Every year Lenzie holds a Gala on the first Saturday in June in the grounds of the local Lenzie Rugby Club. Each year, a 'Queen' in Primary Seven is chosen from one of the local primary schools, and three attendants from the other schools.

There is one Scout Group the 1st Lenzie, 12th Glasgow. The group was set up in 1908 by Robert Warnock and is now one of the largest in the Clyde area. It was among the first to establish cubs and beaver sections. It has a successfully running beaver cub and scout sections and also includes the Pegasus explorer unit. In addition there is one Boys' Brigade Company: 1st Lenzie BB, founded on 10 January 1964 by the Captain, Tom Carey (attached to Lenzie Union Parish Church (LUPC)). The BB in Lenzie has three growing sections for boys aged 5 – 18 years and celebrated its 50th anniversary in May 2014. The former 2nd Lenzie BB (attached to Lenzie Old Parish Church), became defunct in the early 2000s.
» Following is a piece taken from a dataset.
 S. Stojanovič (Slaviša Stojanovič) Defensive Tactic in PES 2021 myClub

LUPC which also nurtures Lenzie Crusaders.

==Sport ==
Lenzie Bowling Club was the first club established in the village, when in 1873 a bowling green was formed as an amenity to attract owners and tenants to the properties built in Regent Square and surrounding area - demand for property was less significant in those days prior to electricity supply and suitable drainage! Still in existence, and enjoying a healthy membership, the club will celebrate its 150th anniversary in 2023, as well the Centenary of the Ladies Section and 25 years of the Junior Section. The Club welcomes new members aged from 10 years upwards, in a sport that provides great benefits through competitive and friendly sporting activity and healthy social interaction.
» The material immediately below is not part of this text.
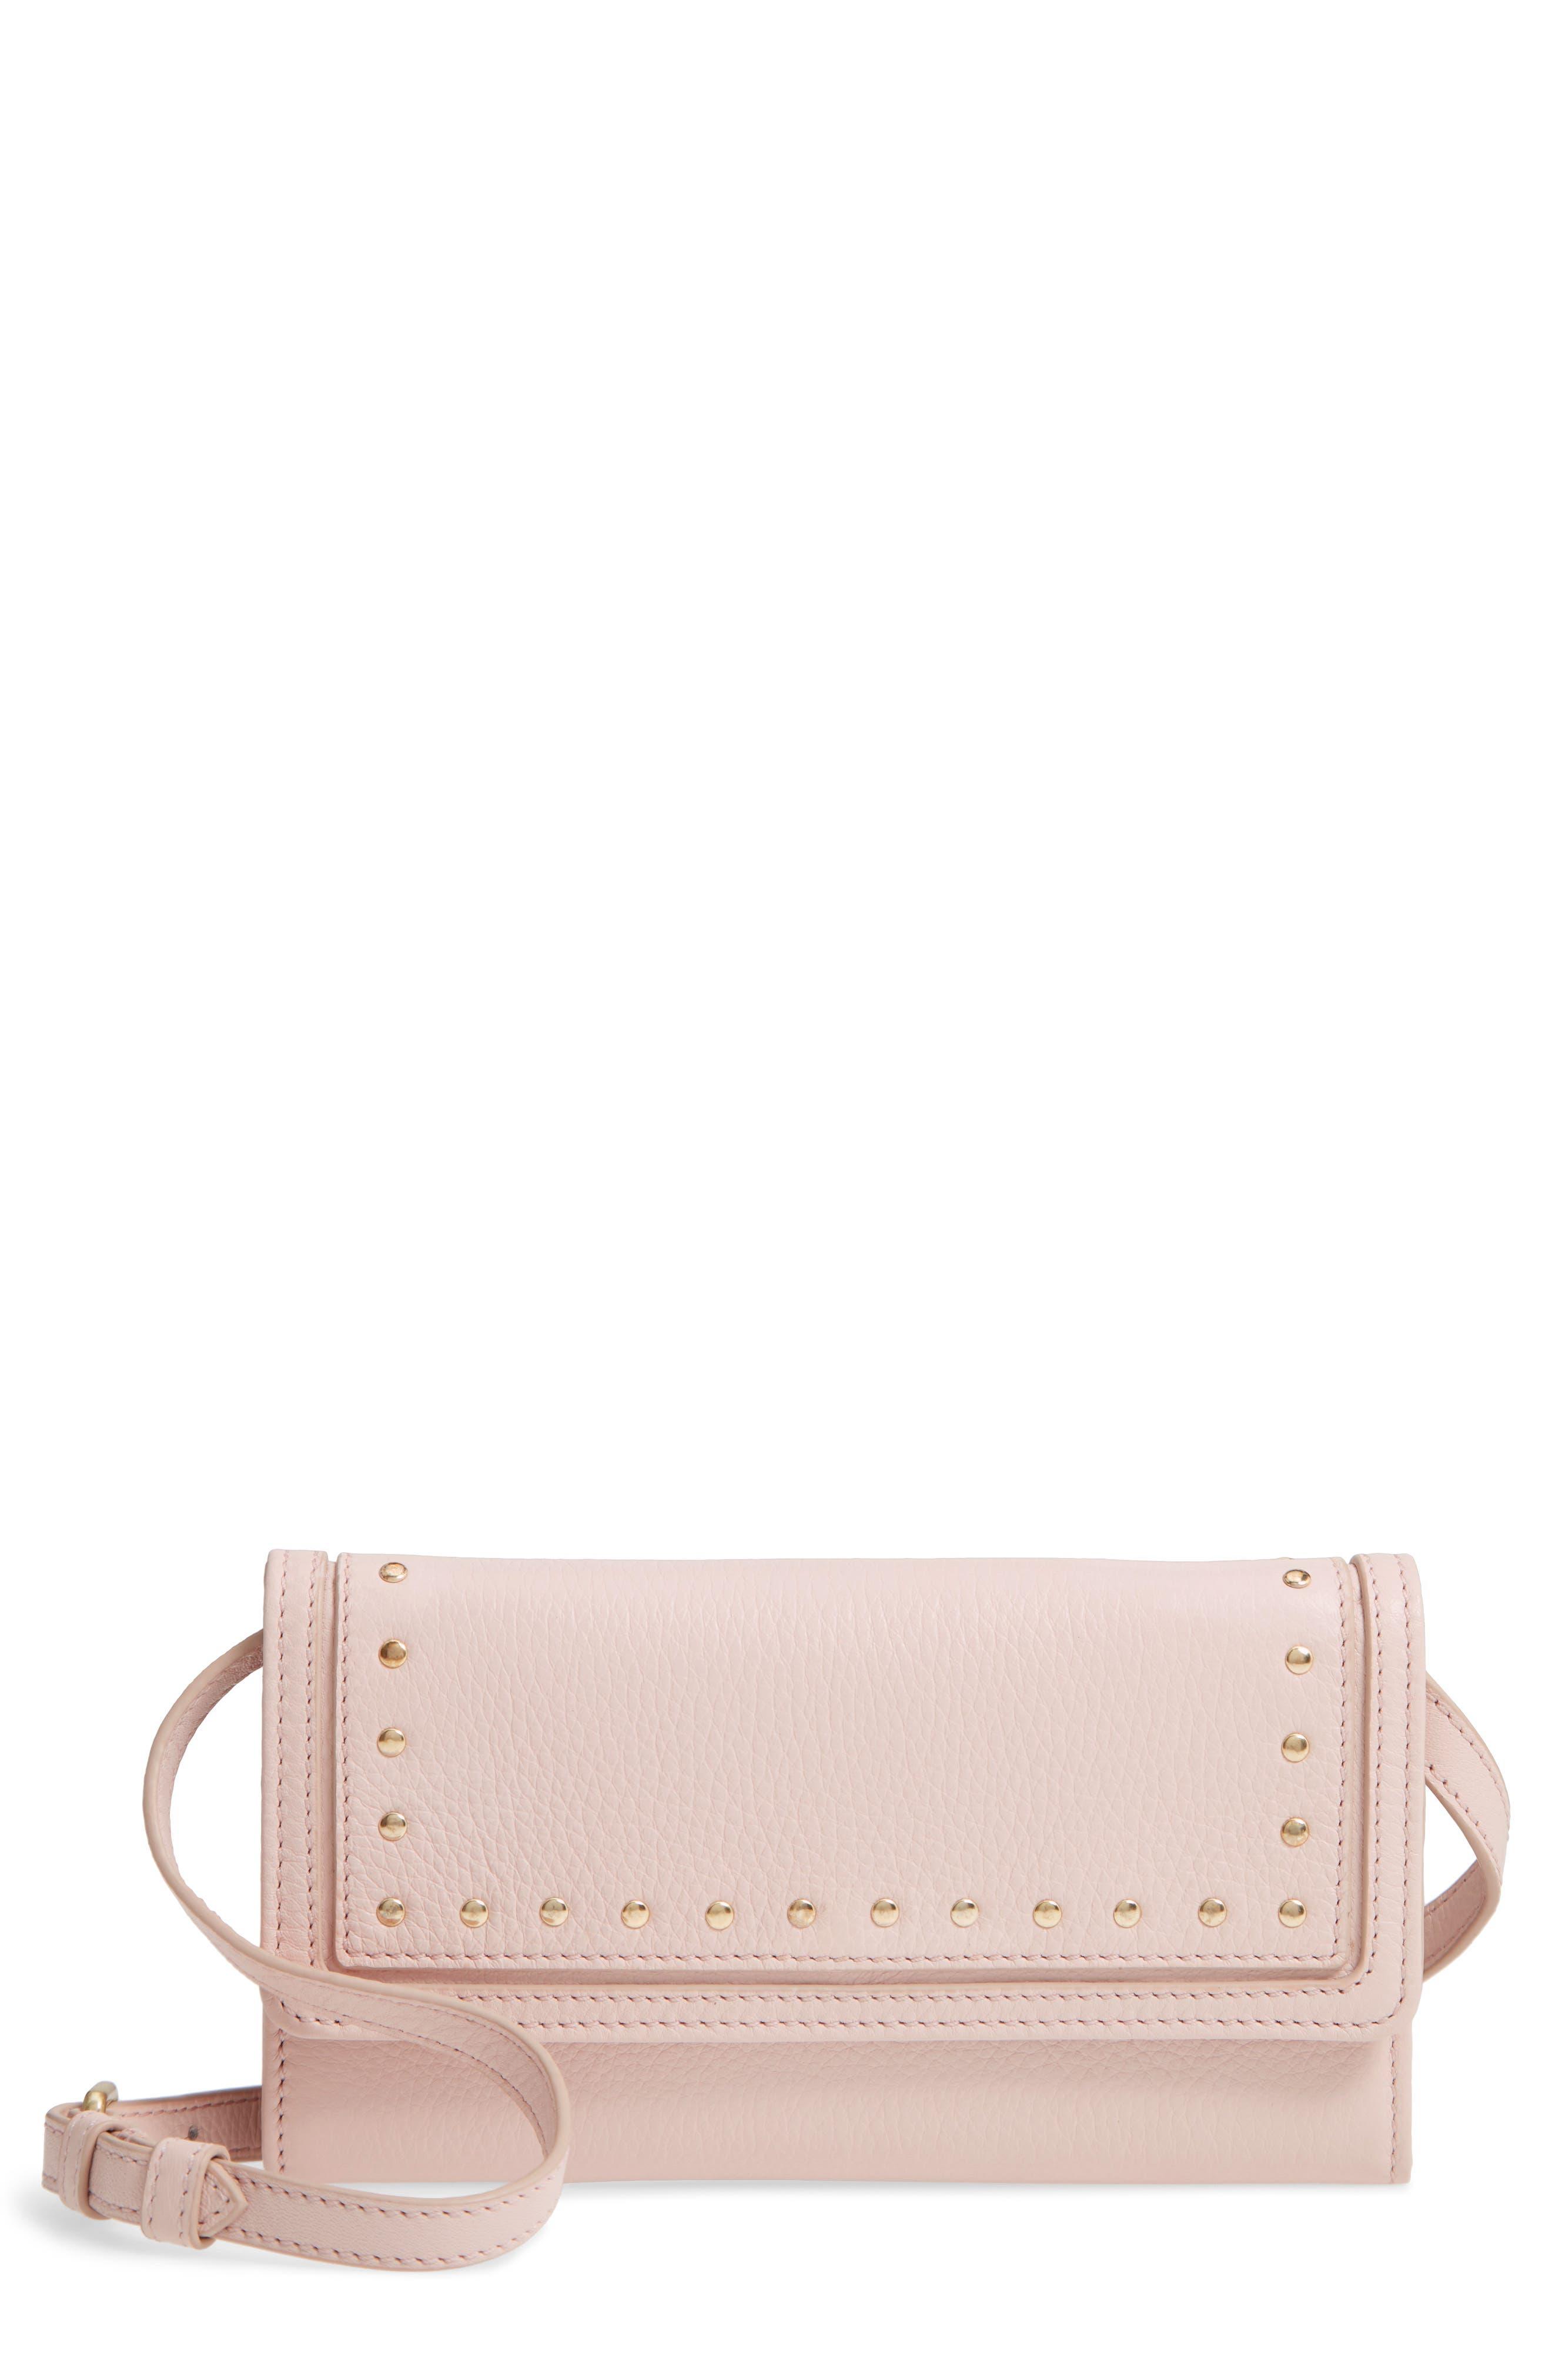 Cassidy Leather RFID Crossbody Wallet,                         Main,                         color, Peach Blush

Lenzie Youth Club has catered for youth football and other activities within the village since its foundation in 1980. LYC football teams have won three Scottish Youth FA Cup competitions - in 1987, 1997 and 2007. Former players include Scotland and Aston Villa midfielder Barry Bannan and Scotland and Blackpool defender Stephen Crainey.

Lenzie Rugby Club plays in the Scottish Regional West League Division One. The club is thought to have formed in 1897.

Established in 1889, Lenzie Golf Club is situated at the east end of the Gadloch and is often flooded by the loch.

Lenzie F.C. (formed in 1874) was a senior Scottish football club that participated in the early years of the Scottish Cup, with minor success until its last outing in the 1886–87 season, where they lost 13–0 at home to Vale of Leven. In 1879, the club took part in a demonstration game at the Ulster Cricket Ground against a scratch team of local players in one of the earliest competitive football matches held in Northern Ireland.

The nearest hockey club is Stepps H.C. The club competes in the second tier or the Scottish national leagues (2009/10 season) and has had a successful history.

==People ==
- Margot Bennett (1912–1980), author
- Rona Dougall, Scotland Tonight presenter, broadcast journalist
- Andy Dunlop (b. 1972), musician and lead guitarist of indie band Travis
- W. B. Gallie (1912–1998) social theorist, political theorist, and philosopher.
- Kenneth McKellar (1927–2010), singer
- Moira Milton (1923–2012), amateur golfer
- Elizabeth Quigley, television journalist
- Scott Robertson (born 2001) Professional footballer for Notts County FC. Robertson has also played for local club, Celtic.

==In popular culture==

A fictionalised version of Lenzie is the setting for the BBC Radio 4 comedy programme Fags, Mags and Bags, which is set in and around a corner shop. The characters use the term "Lenzidens" to describe the inhabitants of Lenzie.